So quite clear there I think. This is from the general conditions so would be standard in every AIB mortgage I would imagine. The special conditions lay out the particulars relavent to each individual loan.


----------



## olibau (22 Jul 2009)

If that wording had been on the Ulster bank offer i wouldn't be on this post right now.


----------



## raven (22 Jul 2009)

TheBigD said:


> Standard practice tbh. The rate of your mortgage is always the rate on offer at the time of drawdown, not at the time of loan offer.


True enough, and probably well known to people who are well acquanted to the business of buying and selling houses.

I think its fairly understandable on the part of the OP here that they were not aware that it is standard practice. Most of us after all, only buy/sell a house once or a few times in our lifetimes; so the majority of buyers would be totally unaware. 

I think Ulster Bank should have made this much clearer to the OP, and not just buried in unclear Ts and Cs.


----------



## TheBigD (22 Jul 2009)

I accept your point that people might not have experience of buying and selling, but I would have thought (and hoped) that as buying a property is the biggest expenditure a person will probably make that they'd approach it with due care and make sure they understand everything and seek professional advice if they are unsure.


----------



## busterh (29 Jul 2009)

Myself and my partner have just gone through this horrible situation ourselves.
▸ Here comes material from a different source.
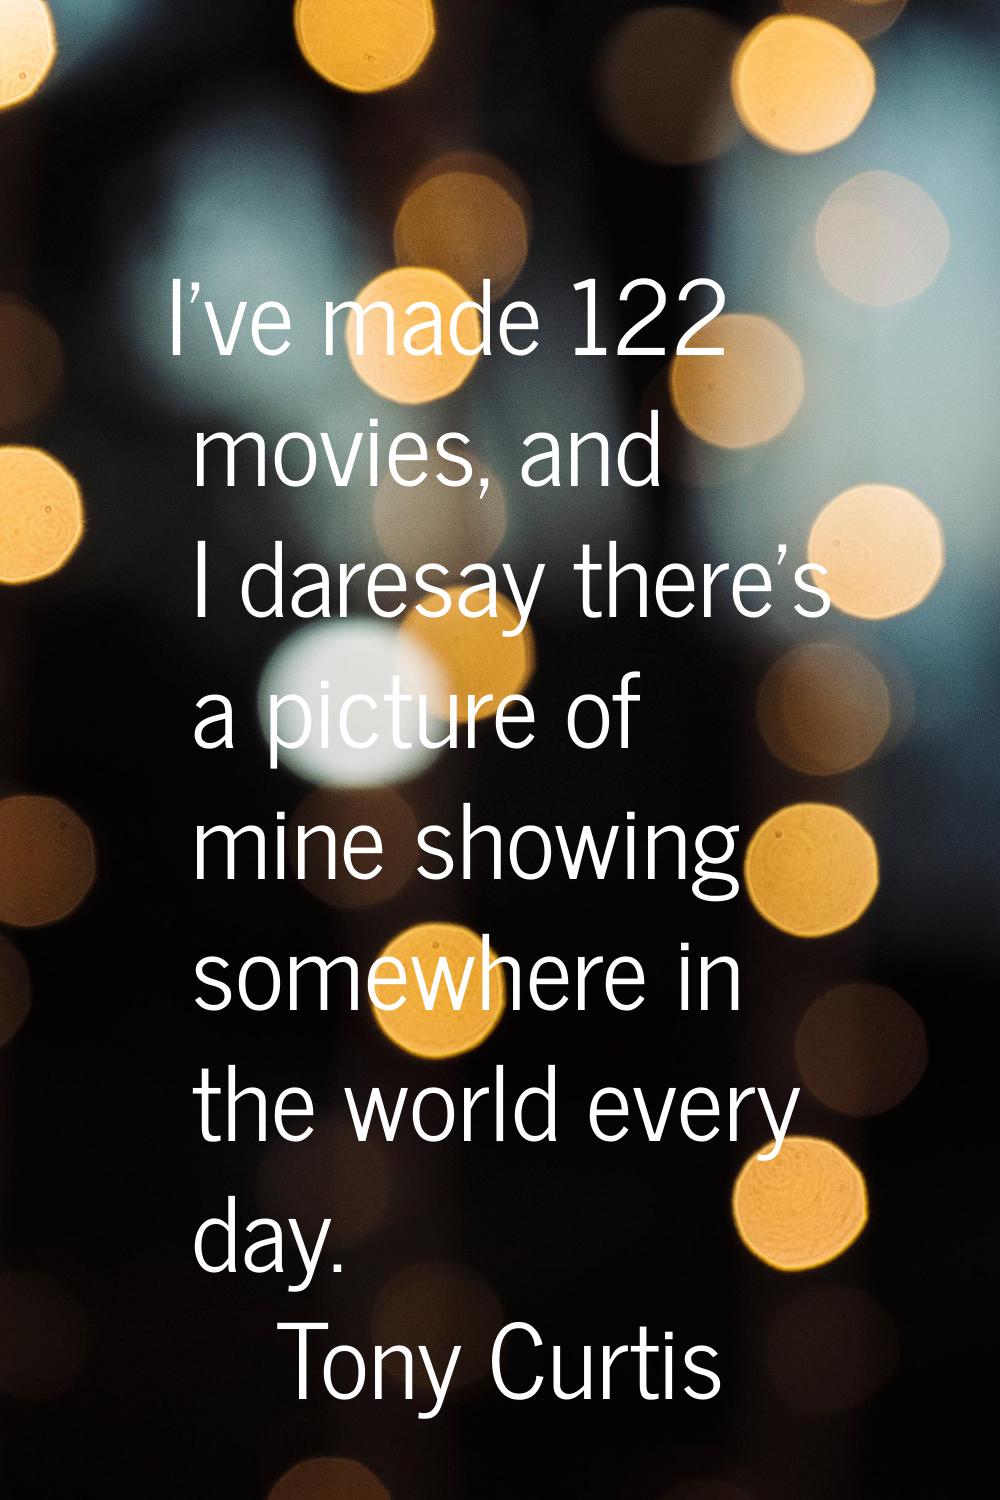 I've made 122 movies, and I daresay there's a picture of mine showing somewhere in the world every

Last year we got a loan offer from first active for fixed rate for 5 years at 4.95%. As the interest rates were due to go up we were concerned about the rate going up, but the guy we were dealing with assured us they would hold it at the original rate once we got everything singned by a certain date - we did as he said. Once we started paying our monthly amount it was higher than we expected, we couldn't figure out what was wrong and got no answers from the bank. Last week we got our annual statement that had a rate of 5.9%! we were never informed of this change at the time or at any point during the year. Is there anything we can do as we were promised over the phone that the original rate would apply??


----------



## TheBigD (29 Jul 2009)

Again, check the wording of your contract. If it states the rate at drawdown applies then that is what is correct. A written signed contract would override a verbal agreement over the phone that has no record.


----------



## busterh (31 Jul 2009)

Yes we knew about that at the time and were concerned about it, but only went ahead beacause we were assured by the person at the branch that it would be held for us EVEN when the rate changed. His word obviously had no weight behind it but being trusting people we beleived him.


----------



## TheJackal (31 Jul 2009)

busterh said:


> Yes we knew about that at the time and were concerned about it, but only went ahead beacause we were assured by the person at the branch that it would be held for us EVEN when the rate changed. His word obviously had no weight behind it but being trusting people we beleived him.


 
Unfortunately, since it's not in writing I'm not sure you have recourse. Very bad form though.


----------